1) Cash coverage of 1.4x to 1.6x of its dividend
2) Target leverage of:
<5x and approaching 4.75x by the end of 2018
<4.5x and approaching 4.25x by the end of 2019
<4x and approaching 3.75x by the end of 2020
With debt of $3.67bil and EBITDA of $714, GEL is now leveraged 5.14 times. If EBITDA increases by 3% a year, it will average about $735 mil over the next 3 years and be at $757 mil at year end 2020. To be at less than 4x, the company will need to reduce its debt by $670mil or $223 a year. With maintenance costs of about $45 mil, interest expense of $190 mil, the preferred stock PIK'ed, and shareholder dividends of $250 mil, the company should be able to pay down $200 of debt in 2018. The preferred stock PIK option expires after 18 months, so the issue will be cash pay in 2019. This will make $200 mil of debt reductions a tougher target but not an impossible one. At the very least, the balance sheet will be showing improvement.

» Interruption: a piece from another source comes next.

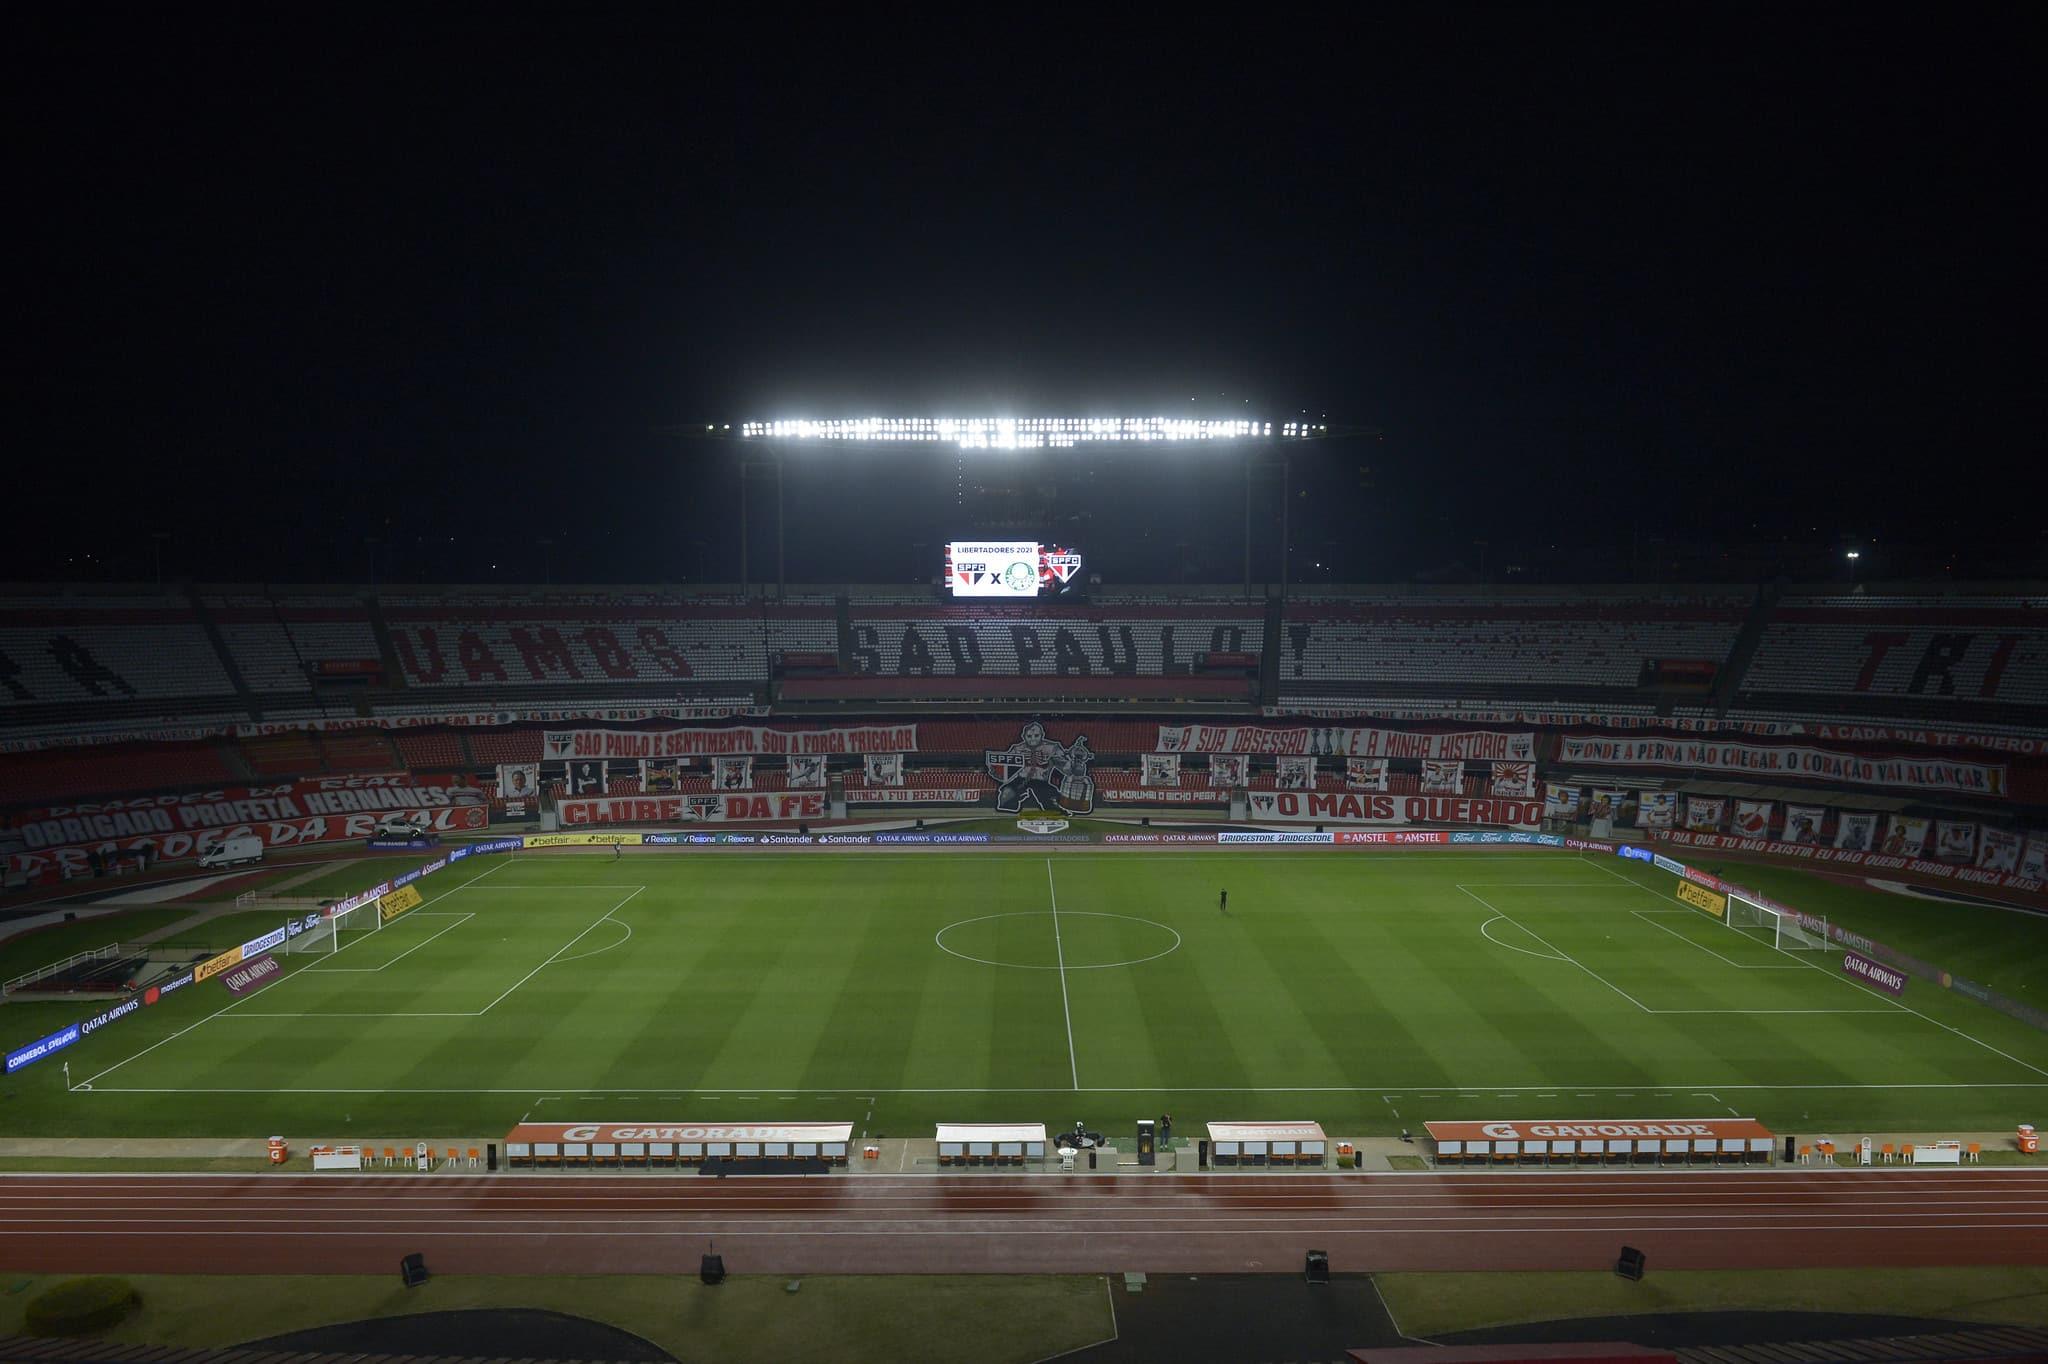 Com objetivos idênticos, São Paulo e Fortaleza se enfrentam na noite desta quarta-feira (25), às 21h30, no Estádio Morumbi, em São Paulo-SP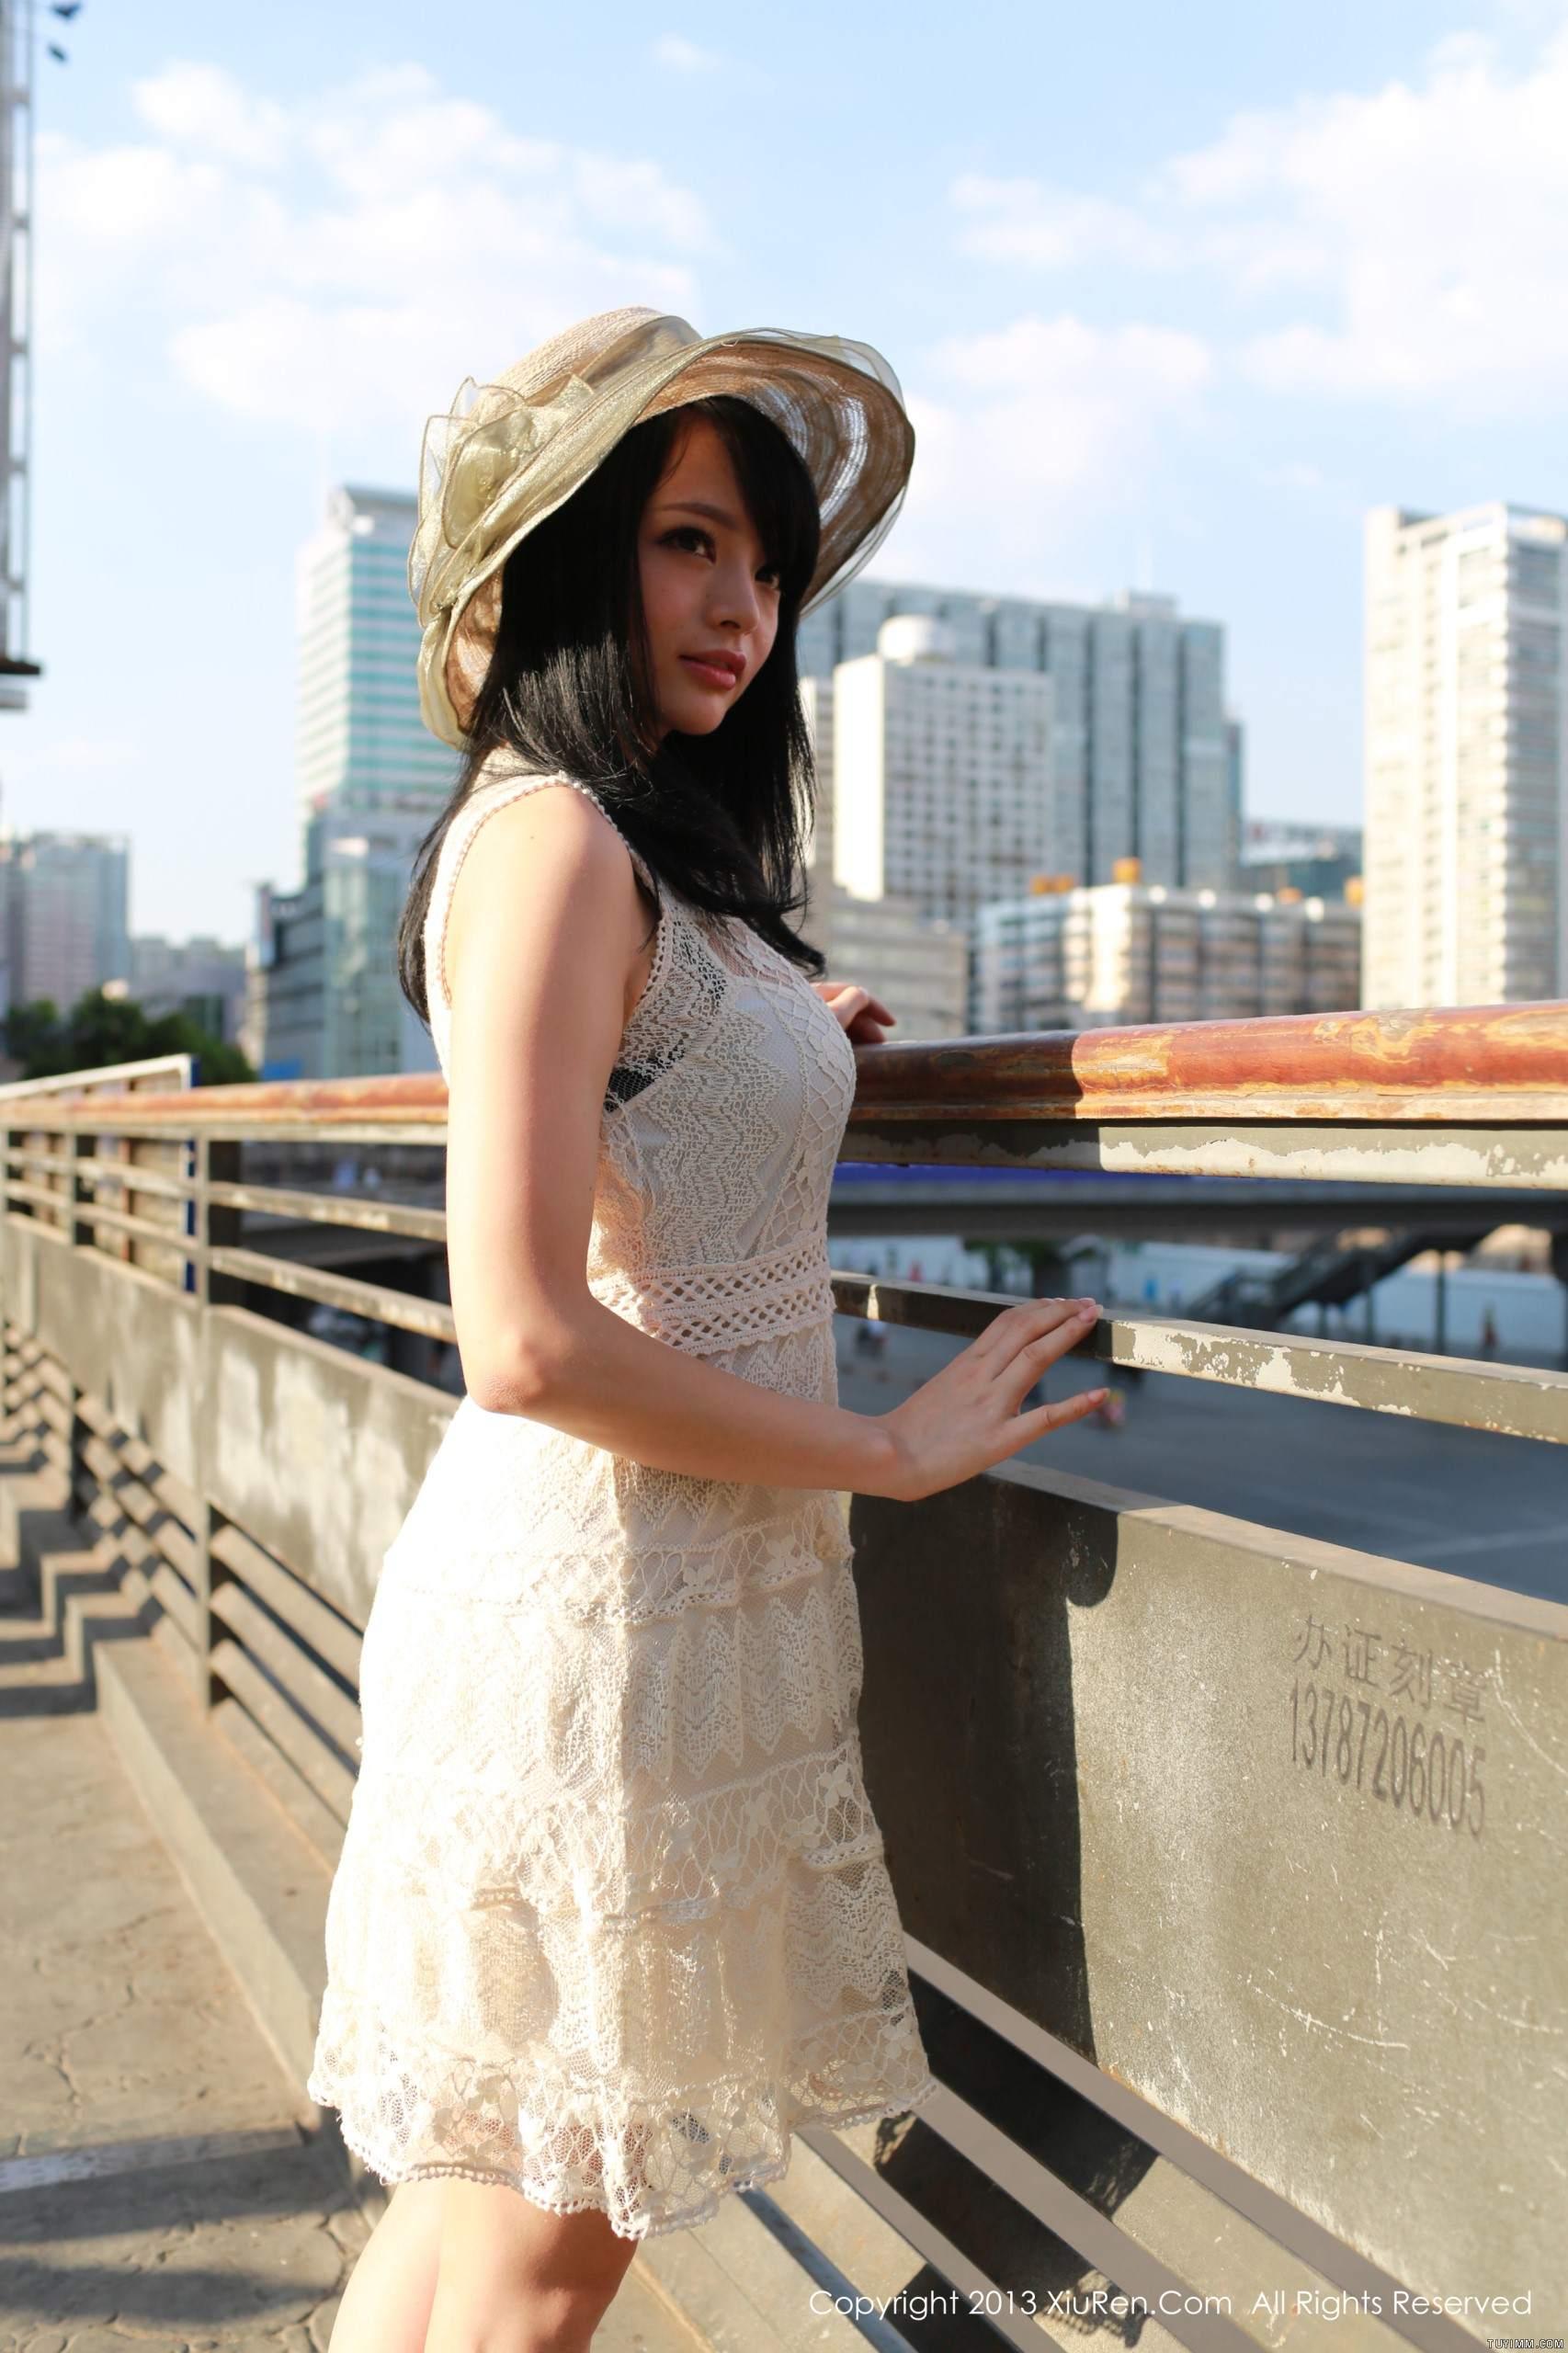 AngelaLee朵朵的辅助网站-第36张图片-哔哔娱乐网

In addition to the above two items in the comany's 5 year plan, the company committed to 20 consecutive quarterly $0.01 dividend increases. If this comes to pass, the current $2.01 dividend rate (2018 1st qtr dividend was $0.51) will go to $2.80 at year-end 2022. I think that this is gimmicky, but if it builds investor confidence, it will have served its purpose.
The company appears to be well managed. Grant E. Sims has been CEO since 2006 and is experienced in the pipeline and MLP businesses. In 2007 James E. Davison of Ruston, LA sold a number of energy-related properties to GEL in return for 13.5 mil shares and $280 mil of cash. He later participated in the purchase of GEL's general partner which was eliminated in 2010. As a result, there is no IDR. He continues to sit on the BOD as does his son, and the Davison family continues to own 10.1% of the GEL shares. In addition, the Davison family owns 76.9% of the company's "B" shares which elect the BOD. There are 39,997 "B shares outstanding.
GEL appears to be a collection of solid businesses which produce solid cash flows. I get a 10% yield that will be increasing while I wait.
The risks are that the businesses are hit by a general downturn in the oil and gas markets.
I do not hold a position with the issuer such as employment, directorship, or consultancy.
I and/or others I advise hold a material investment in the issuer's securities.
1) The market for MLP shares improves, as it could hardly be worse.
2) The quarterly $0.01 increase in the dividend rate catches people's attention - brokers like a positive story.
3) The company continues to execute, and the quality of its assets become more appreciated.